My girlfriend asked why there's a red light blinking in the bedroom at 3 AM. I told her it's for the AI. She didn't talk to me for two days.
I know how that sounds. But I'm trying to solve a problem that nobody else seems to want to touch: giving AI access to the physical world.
Every AI product right now knows you through text or voice. What you type into a prompt. What you paste into a context window. Maybe your calendar, your emails, your screen. But your actual life? The one that happens in physical space? Your AI knows nothing about it.
Last year I built a product that used OCR to grab my screen, pulled in emails, tried to understand patterns. Investors loved it. Reddit loved it. And it was still fundamentally blind. It could see my screen but it couldn't see me. It knew what I typed but not what I did.

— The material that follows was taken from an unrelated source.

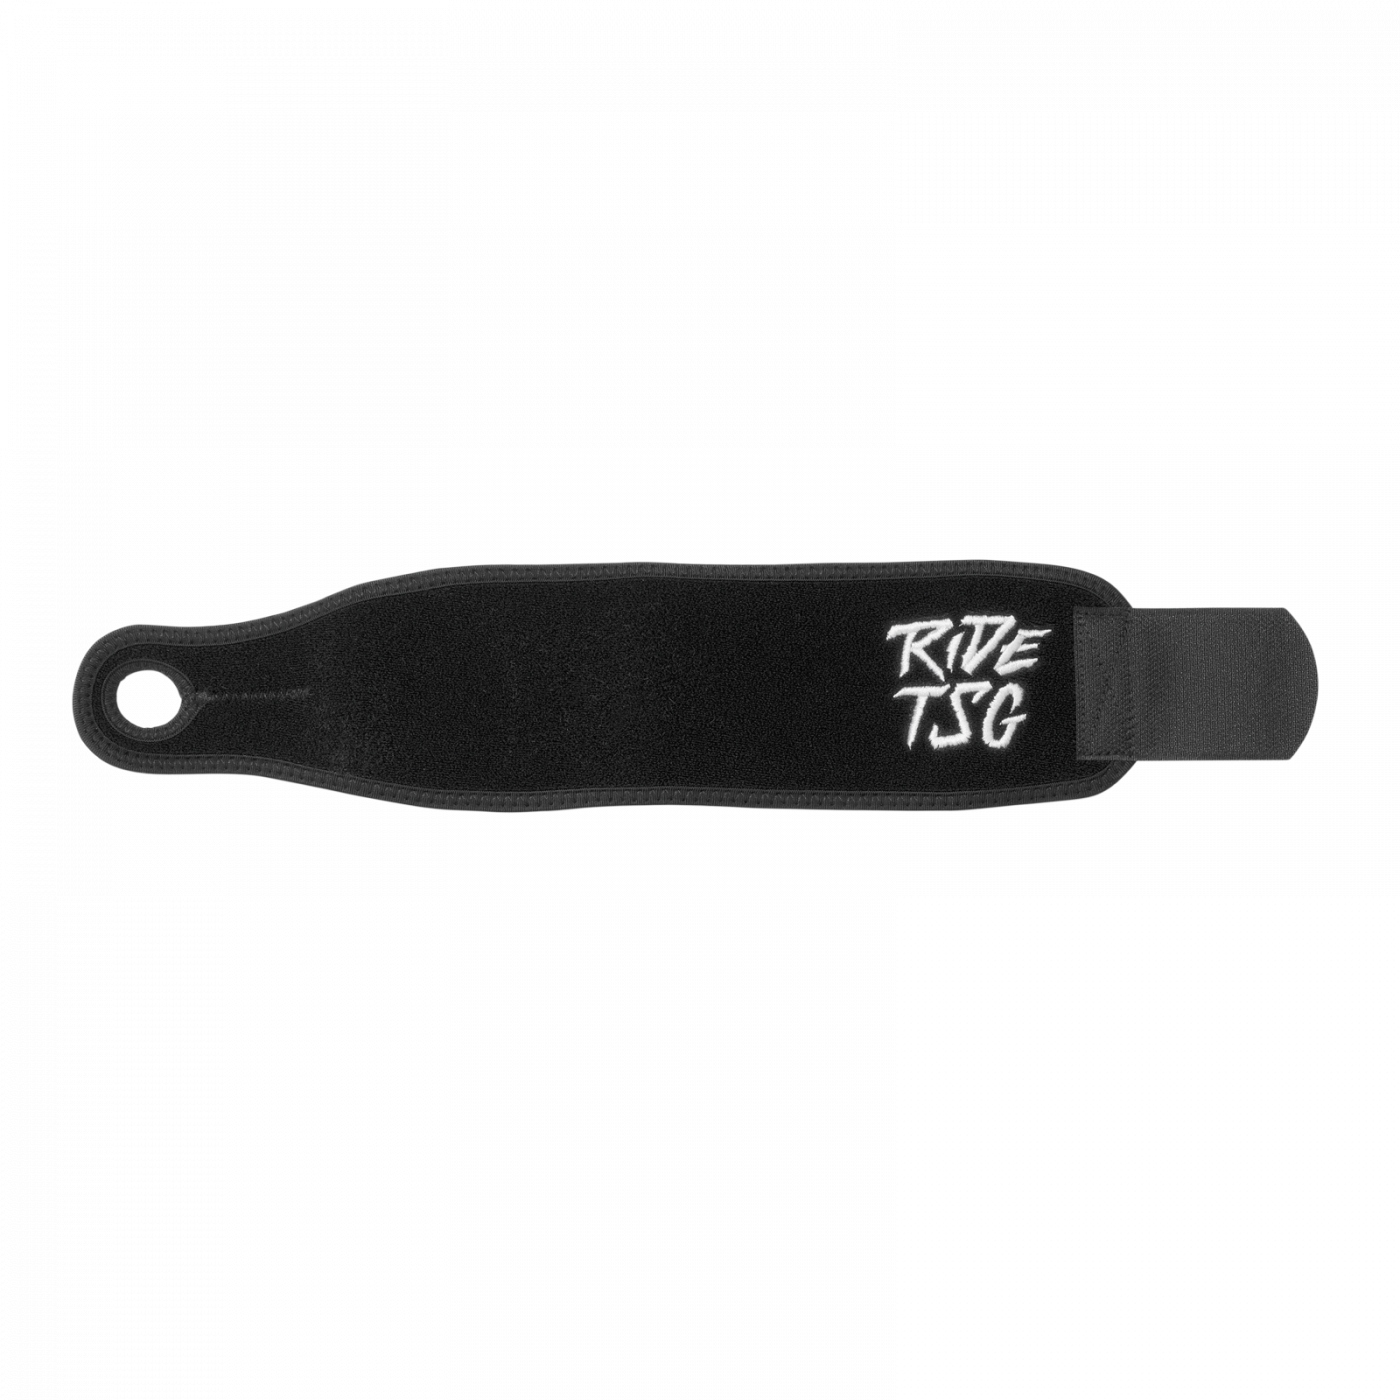 Produktbild von TSG Wrist Brace Handgelenkstütze - schwarz
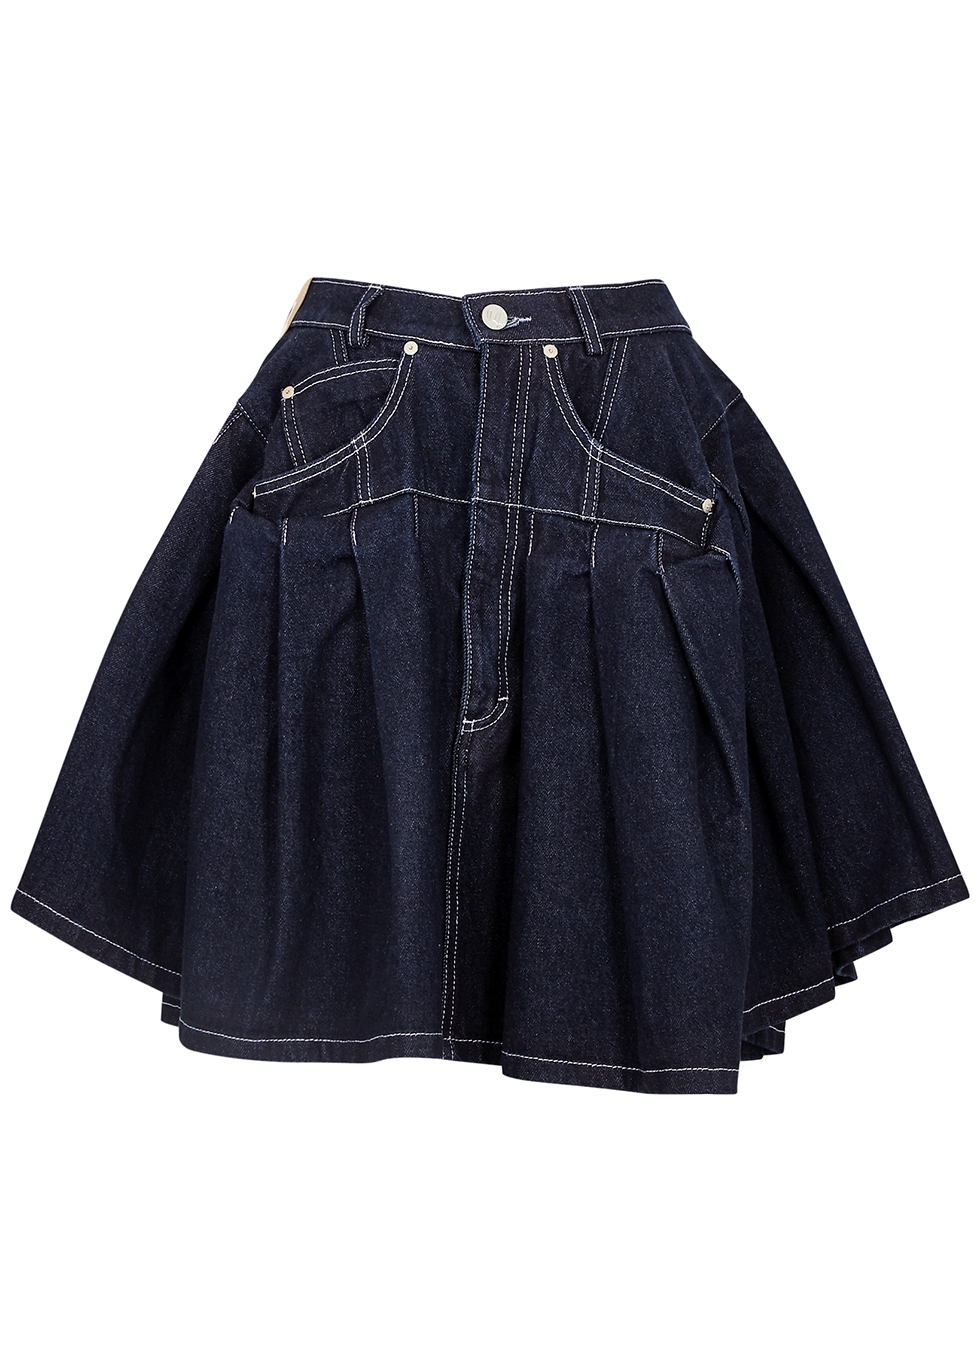 Natasha Zinko Indigo Denim Mini Skirt | ModeSens

That gap bothered me for months. Then I did something about it.
The hardware
I built a network of cameras and microphones in my house and wired them into a pipeline:
- 5x Raspberry Pi Zero 2W ($15 each)
- 5x ArduCam IMX708 12MP 120° wide-angle cameras
- 5x WM8960 audio HATs for ambient sound capture
- 1x Ugreen NAS for storage
- Custom Python daemon: motion detection, triggered recording, sleep when idle
Total hardware cost: under $500. I spent more on the camera modules I threw away than the ones that worked.
I spent weeks debugging device tree overlays. Swapped camera modules three times before finding ones that actually performed. Burned through two Pi Zeros that couldn't handle the thermal load. This wasn't a weekend project someone vibed together. This was real infrastructure.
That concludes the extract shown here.